The lawsuit seeks to test a new legal theory that OpenAI violated the rights of millions of internet users when it used social media comments, blog posts, Wikipedia articles and family recipes. . The law firm Clarkson, which led the lawsuit, has filed large class-action lawsuits on issues ranging from data breaches to false advertising.

The company’s managing partner, Ryan Clarkson, said the company wants to represent “the real people whose information was stolen and exploited commercially to develop this very powerful technology.” said.

The lawsuit was filed Wednesday morning in federal court for the Northern District of California. A spokeswoman for OpenAI did not respond to a request for comment.

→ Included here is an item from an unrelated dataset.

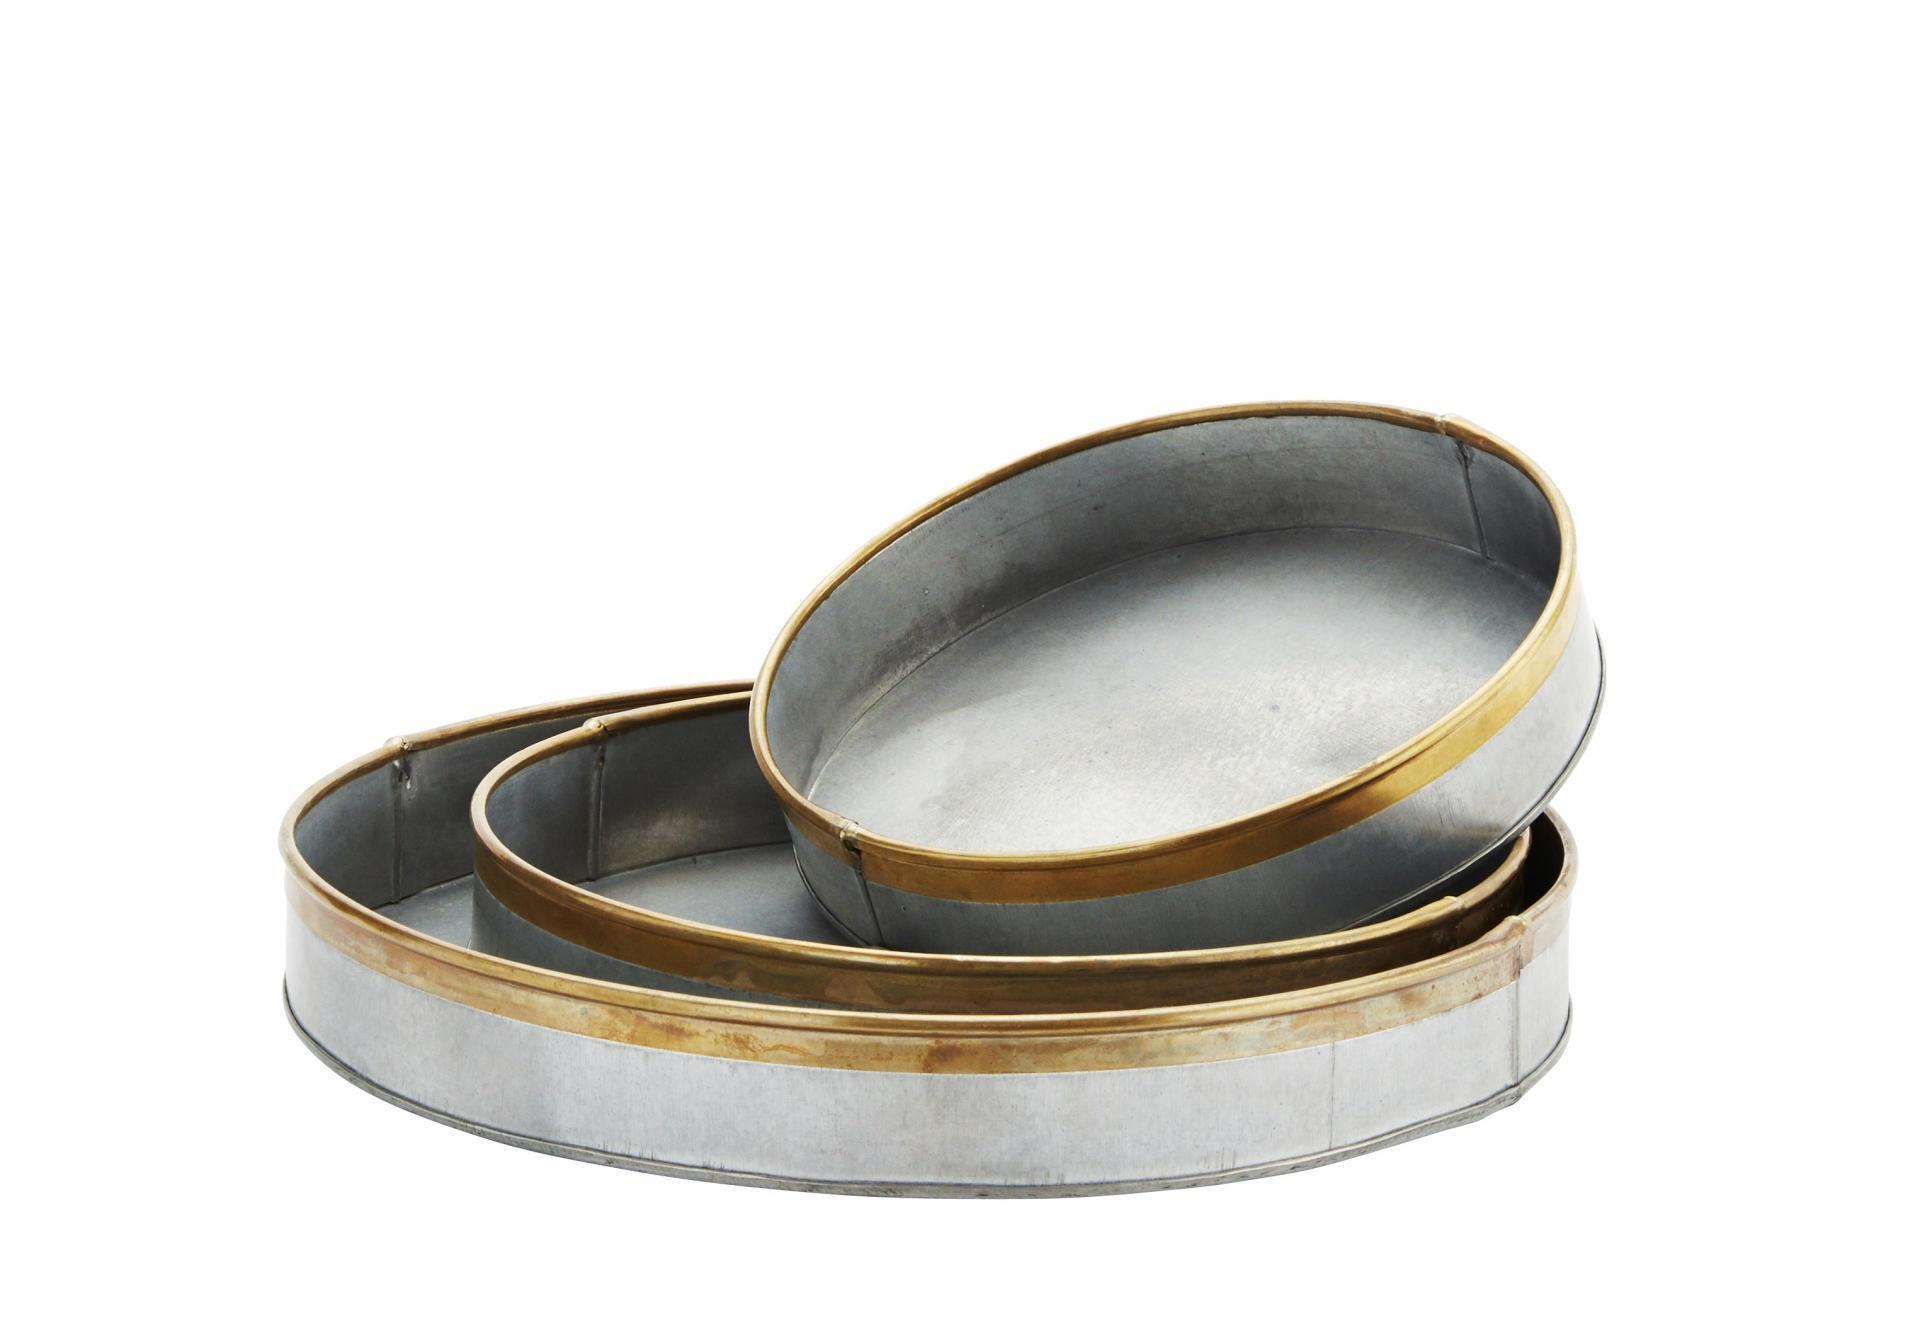 MADAM STOLTZ Kulatý zinkový tác Brass border Velikost L, šedá barva, zlatá barva, zinek

The lawsuit gets to the heart of a big unsolved problem with the proliferation of “generative” AI tools such as chatbots and image generators. The technology works by taking billions of words from the open internet and learning how to build inferences between them. After consuming enough data, the resulting “large scale language model” can predict what to say in response to a prompt, so you can write poetry, conduct complex conversations, and pass professional exams. You will be able to But the humans who wrote those billions of words did not consent to companies like OpenAI using them for their own benefit.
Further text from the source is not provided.